Codependents also experience anxiety when they are with other people because they start comparing themselves to them (which negatively affects their self-esteem) or constantly seek approval from others (which is exhausting). Others may also try to control and manipulate them, making codependents feel even more anxious and stressed out.
Always Trying To Fix Someone Else
Codependents often get deeply hurt when they see someone else in pain and try to fix their pain by trying to solve their problems and take care of their responsibilities. Sometimes, this leads to codependents attempting to rescue other people from their lives and decisions that they have made themselves.
They often believe that the best way to protect someone from pain is by taking it on themselves (usually because they cannot accept that it is not their fault in some way).

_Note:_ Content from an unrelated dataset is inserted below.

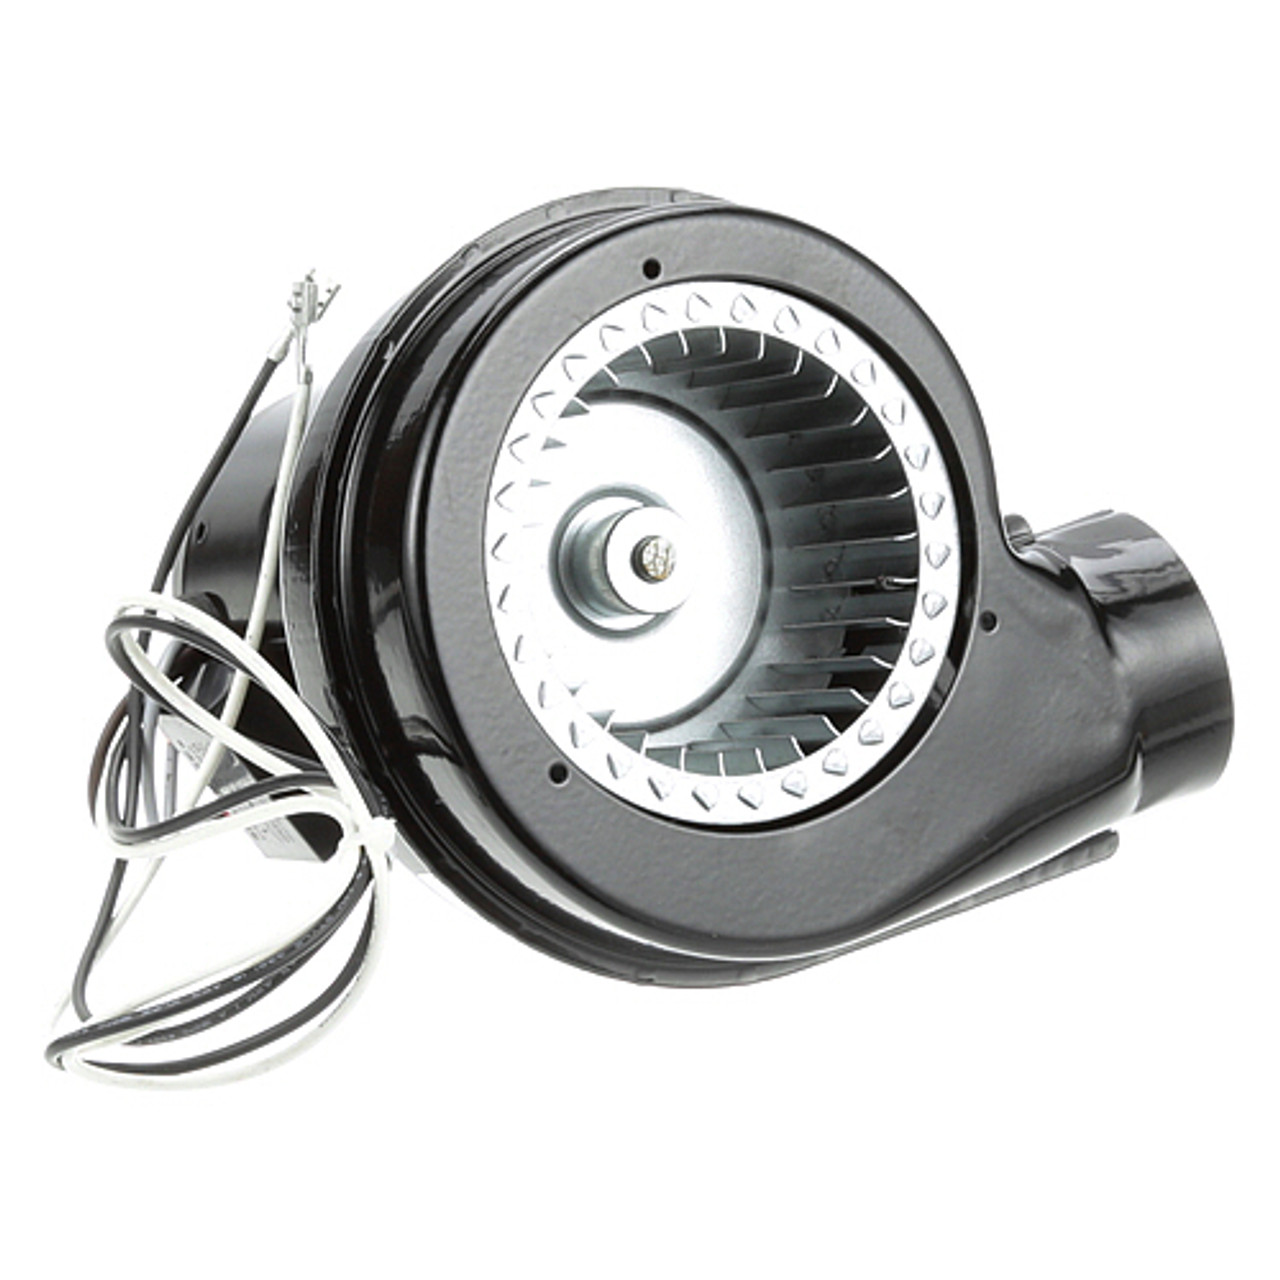 Blower Motor - Replacement Part For Wittco AD-301-2000-0

Such behaviour only leads to the development of an insecure attachment style and a lot of resentment in the relationship, which can only hurt the relationship even more and does not facilitate the recovery process.
Focusing More on Another Person’s Needs Rather Than Yours
In relationships with an alcoholic person, it is common for codependents to focus on meeting others’ needs rather than looking at their own needs or feelings. They might overlook their physical needs, emotions, finances, social needs, etc. Also, codependents do not look at their spiritual needs in relationships either (such as choosing a life partner who fits their values). All these lead to a sense of emptiness which codependents seek to fill with helping others instead of taking care of themselves.
Codependency cannot be a part of a healthy relationship, as no matter how well-intentioned a codependent person’s actions are, they are more likely to harm, first of all, themselves and their partner than actually help them. Codependent people are usually driven by fear of losing someone, which frequently leads to not allowing other people to grow and destroying personal boundaries on both sides.
In a relationship with an addicted person, it is crucial to be able to timely determine when your willingness to support and help your partner starts turning into the urge to control their lives and make decisions for them. Not taking responsibility for other people’s problems and allowing them to deal with them on their own has more chances to help them than trying to fix them.